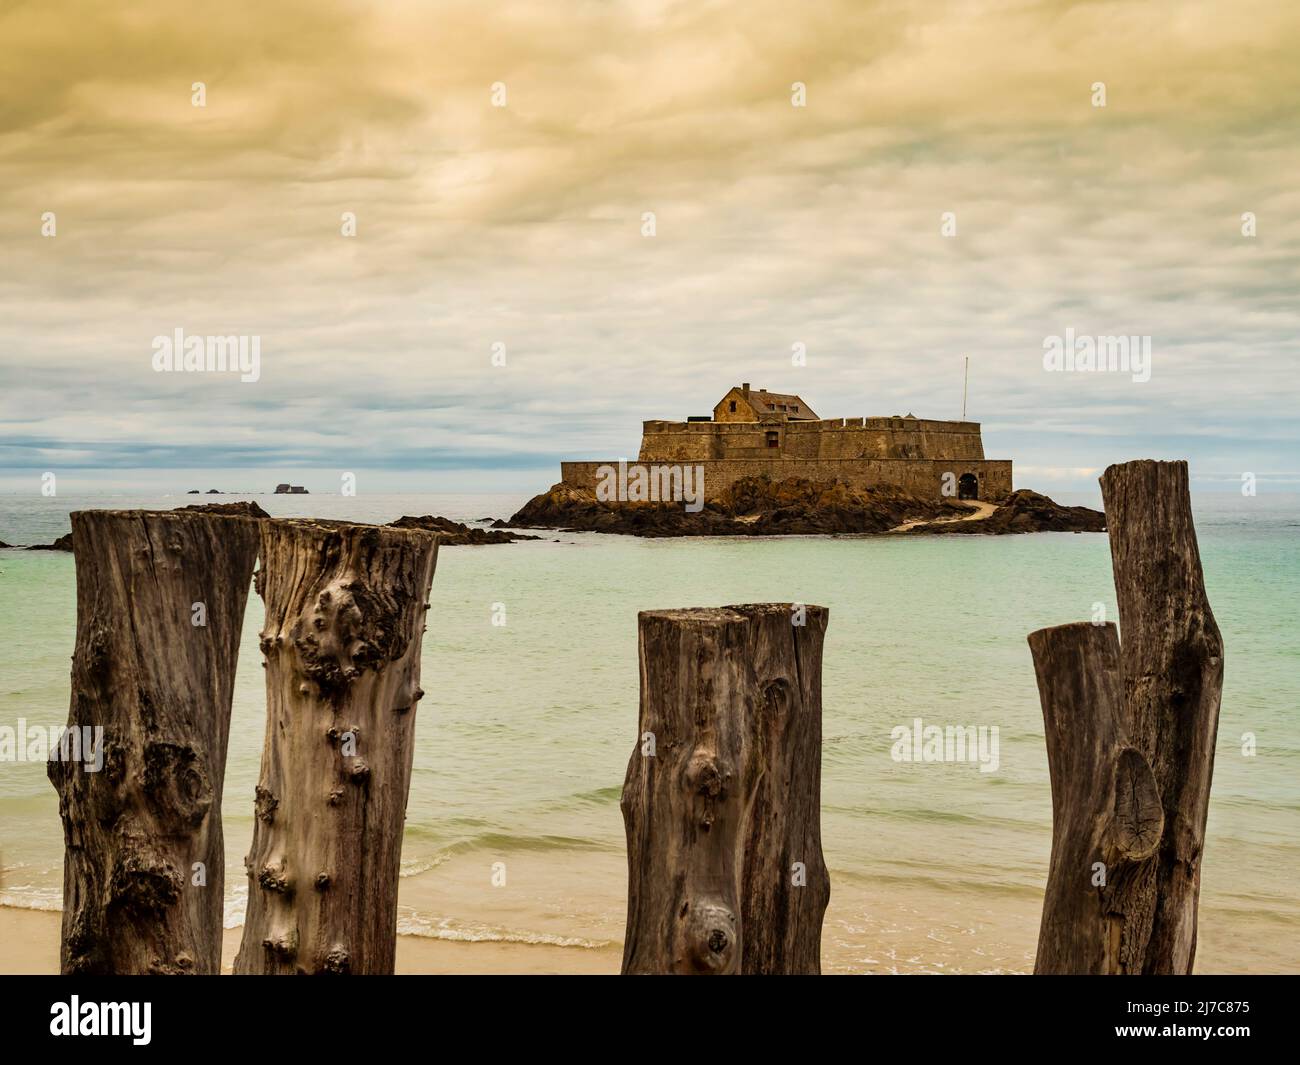 Saint Malo, vista impressionante dell'isola di marea di Fort National, Bretagna, Francia Foto Stock
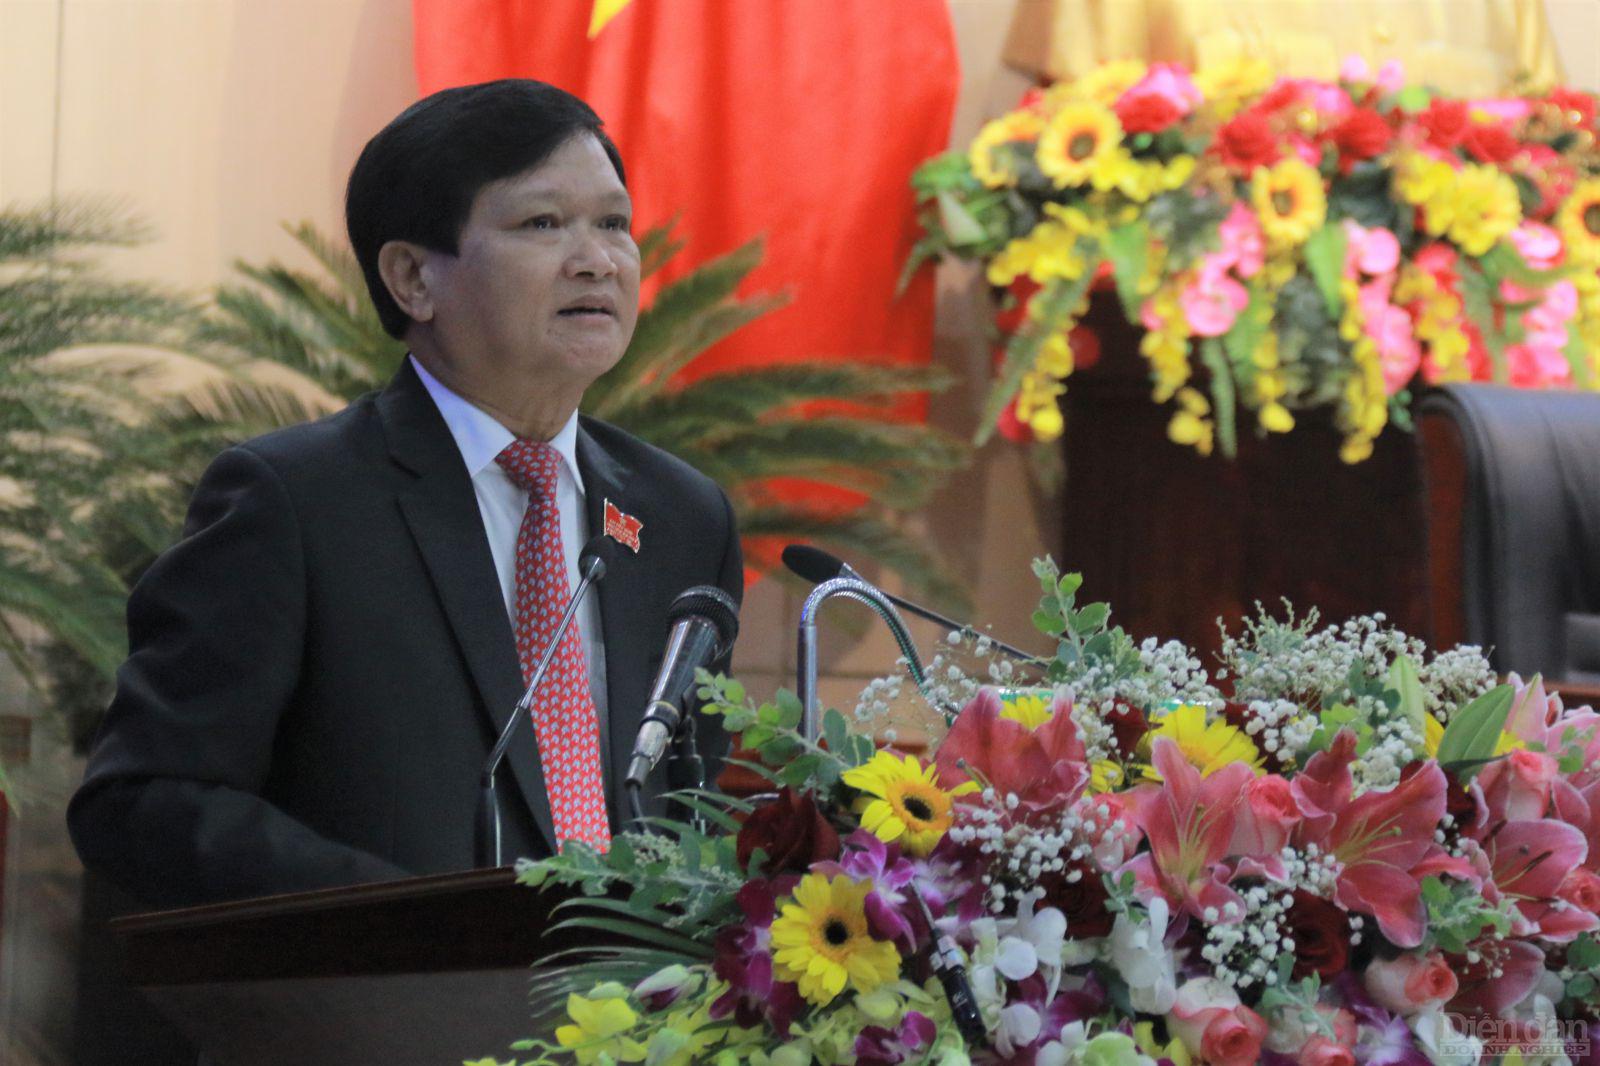 Ông Nguyễn Nho Trung – Chủ tịch Hội đồng nhân dân TP. Đà Nẵng nhận định kỳ họp diễn ra trong thời điểm kết thúc giai đoạn 2015-2020 cũng là thời điểm thành phố đối diện với những hậu quả vô cùng nặng nề của dịch bệnh COVID-19 và thiên tai
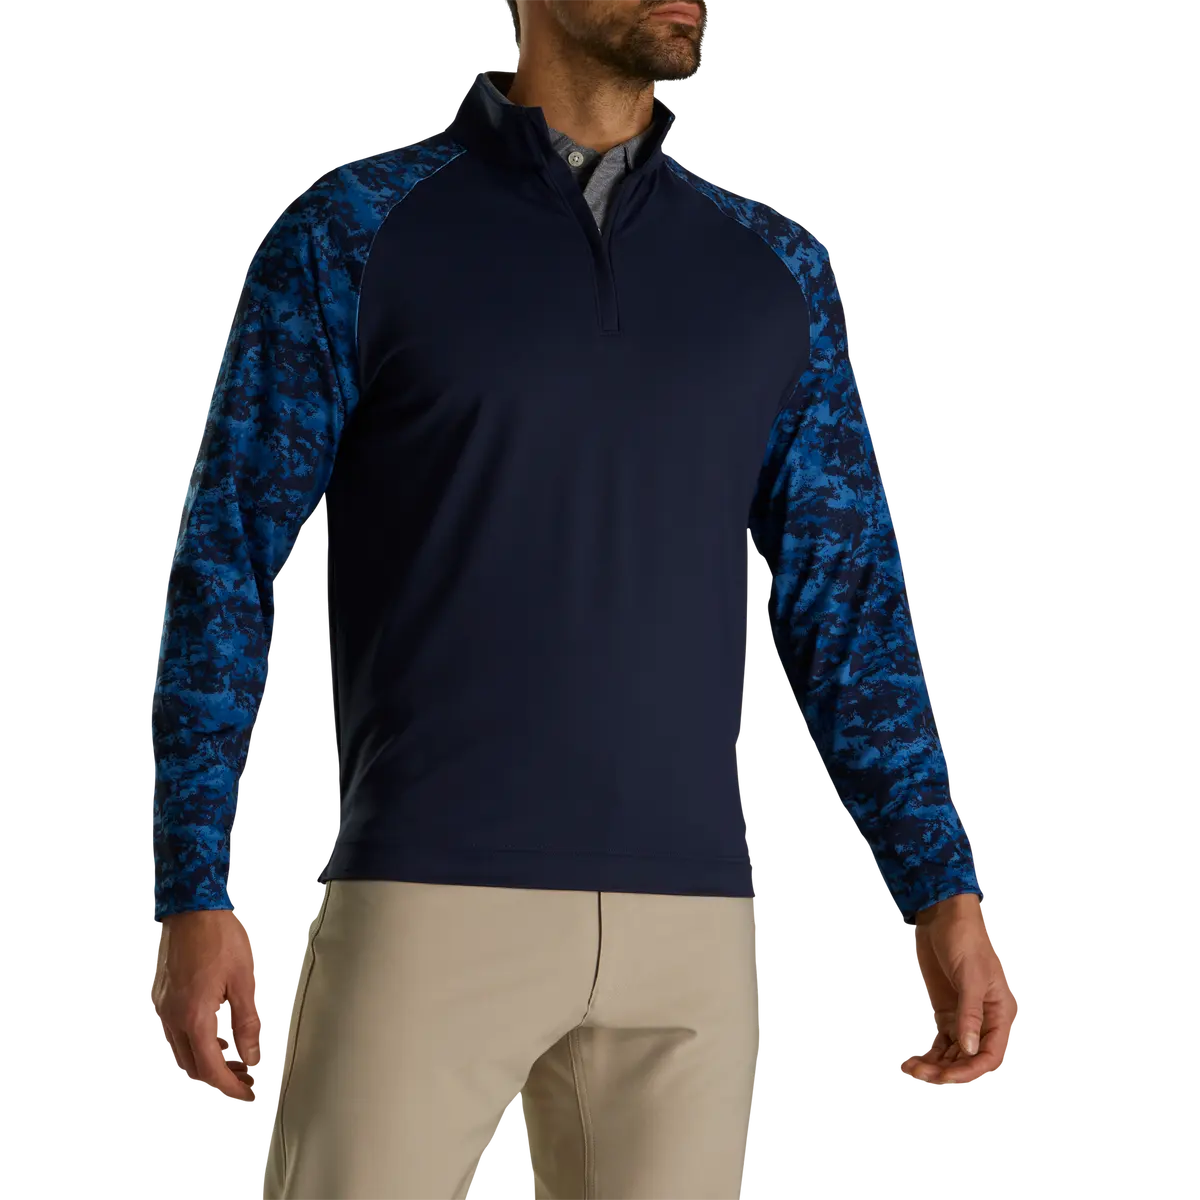 Jersey de golf con cuello de media cremallera de camuflaje personalizado, cortavientos impermeable de poliéster, Sudaderas con cuello de cremallera de 1/4 cuartos para hombre
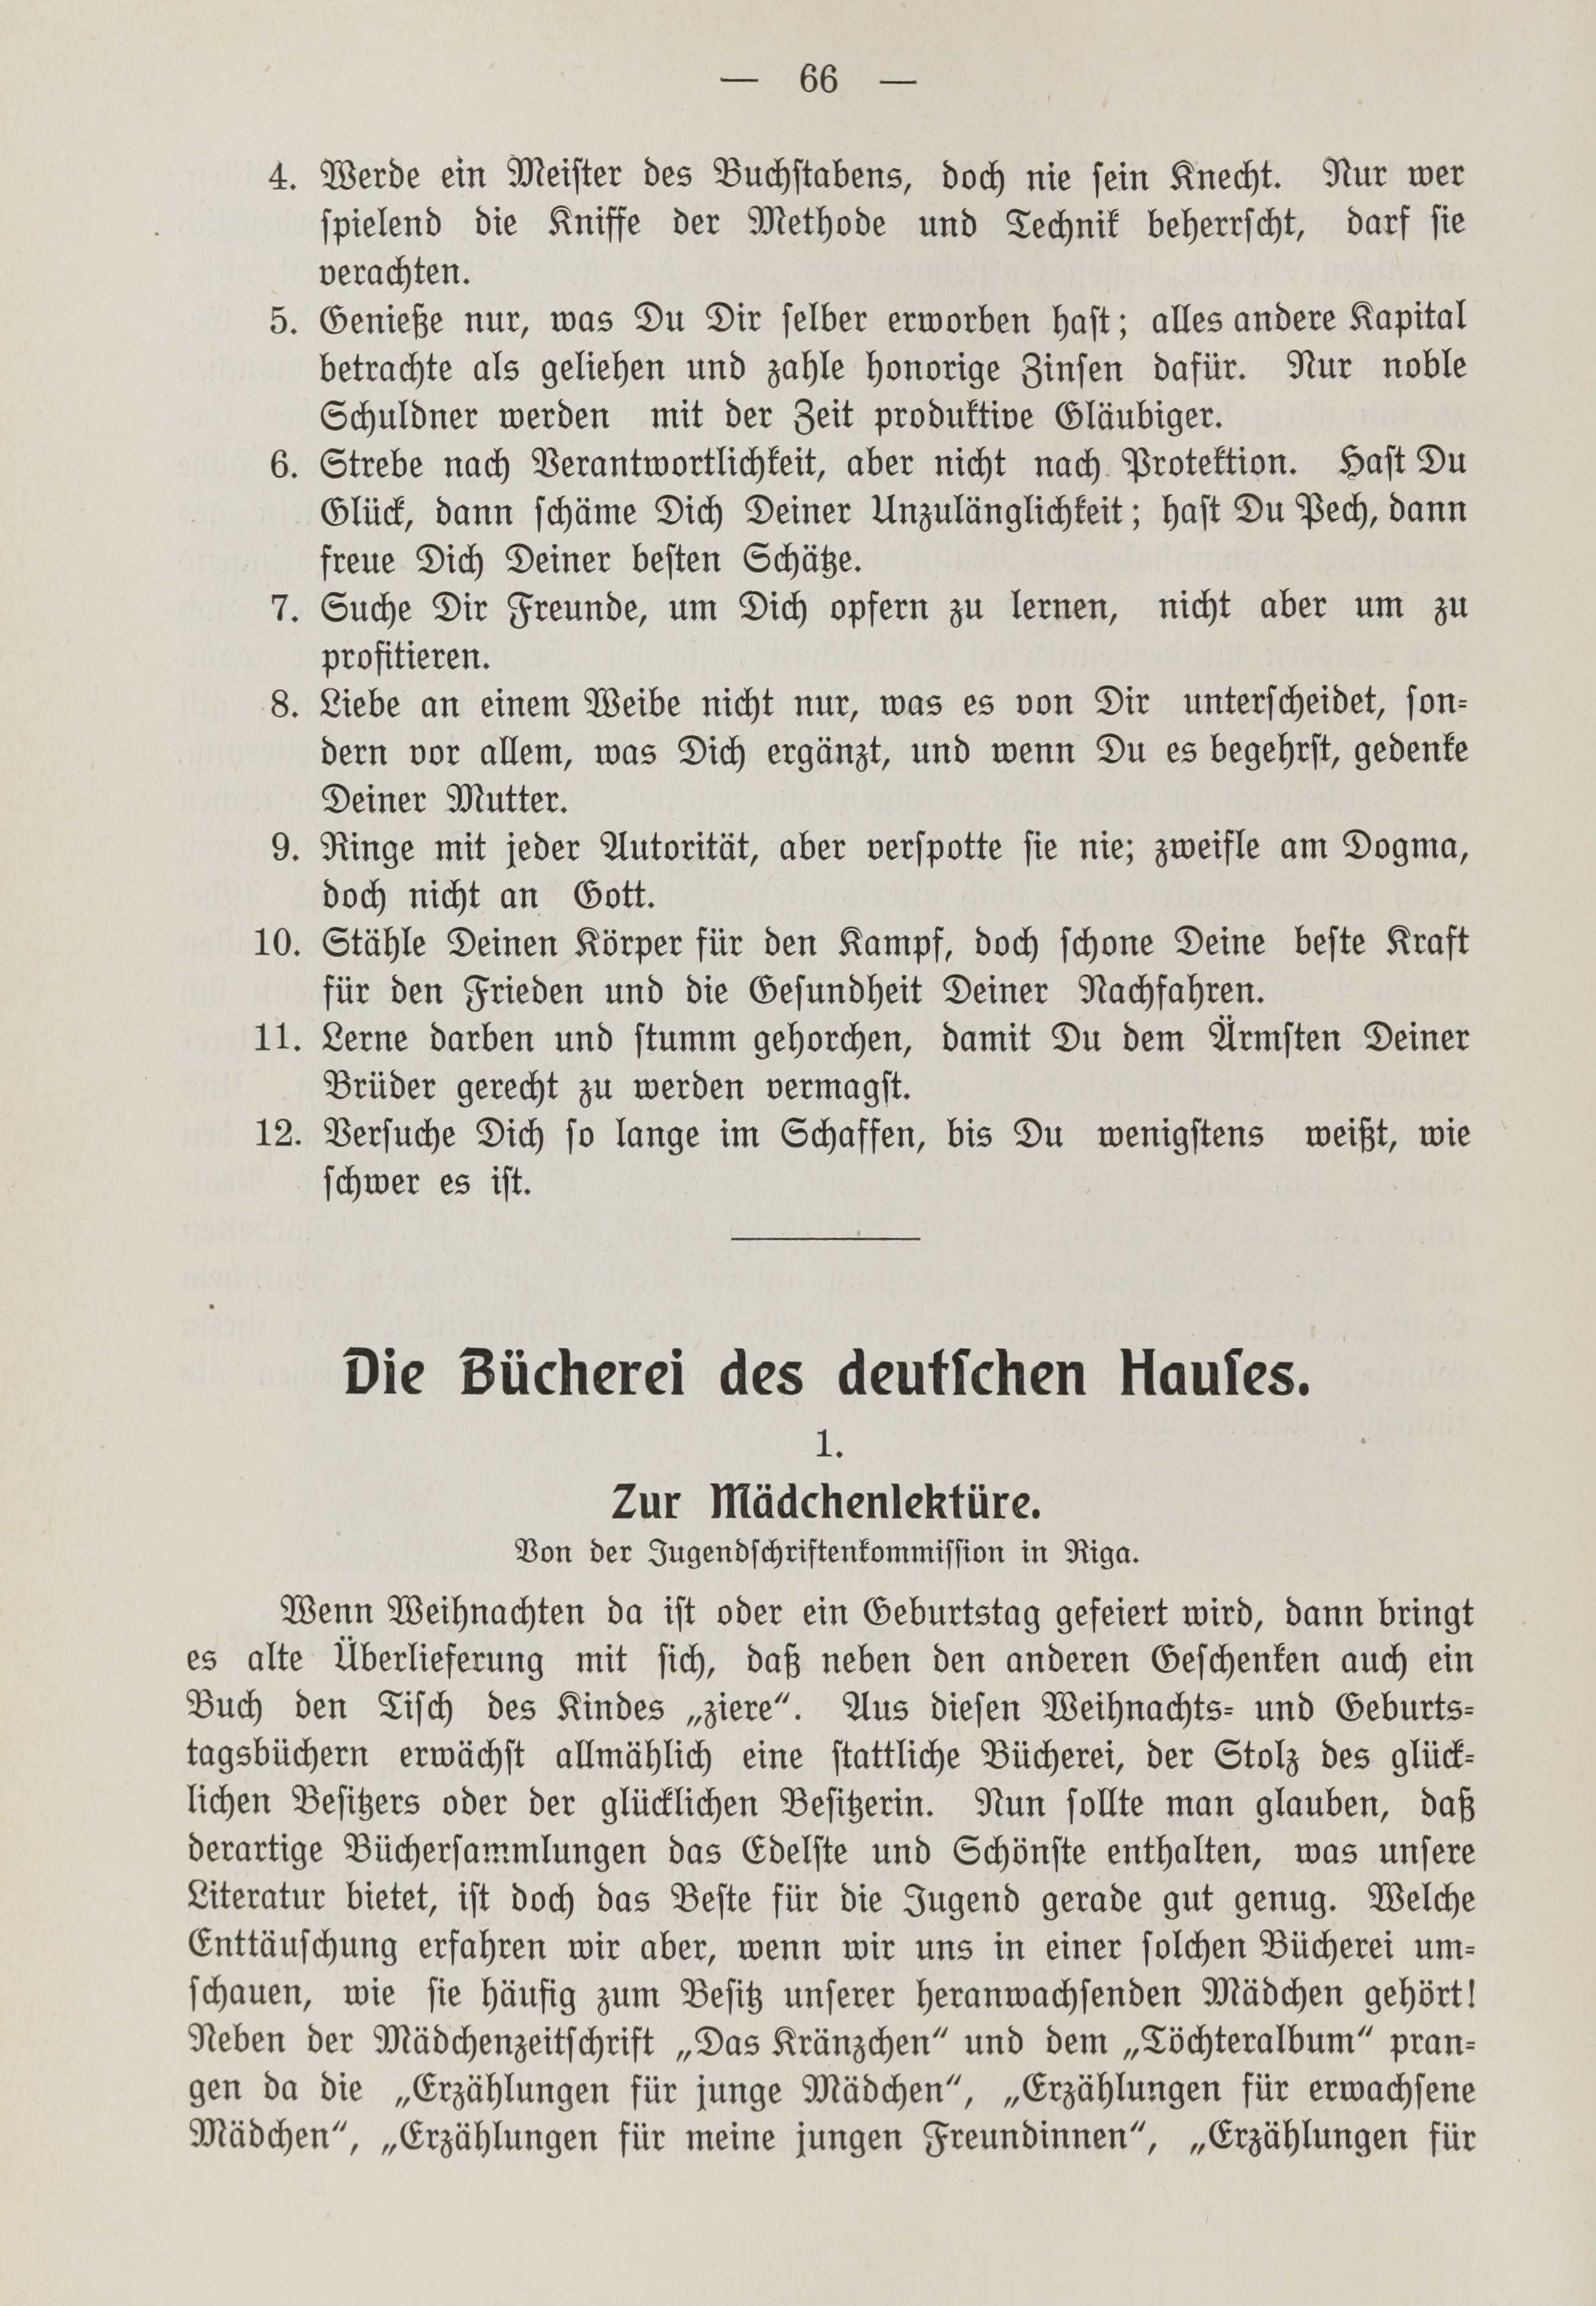 Deutsche Monatsschrift für Russland [1] (1912) | 73. (66) Põhitekst
◇ ◇ ◇
**YOUR ASSIGNMENT:** Reproduce the data word for word; no pictures.

**OUTPUT BELOW:**
 Saint Malo, vista impressionante dell'isola di marea di Fort National, Bretagna, Francia Foto Stock
 Ông Nguyễn Nho Trung – Chủ tịch Hội đồng nhân dân TP. Đà Nẵng nhận định kỳ họp diễn ra trong thời điểm kết thúc giai đoạn 2015-2020 cũng là thời điểm thành phố đối diện với những hậu quả vô cùng nặng nề của dịch bệnh COVID-19 và thiên tai
 Jersey de golf con cuello de media cremallera de camuflaje personalizado, cortavientos impermeable de poliéster, Sudaderas con cuello de cremallera de 1/4 cuartos para hombre
 Deutsche Monatsschrift für Russland [1] (1912) | 73. (66) Põhitekst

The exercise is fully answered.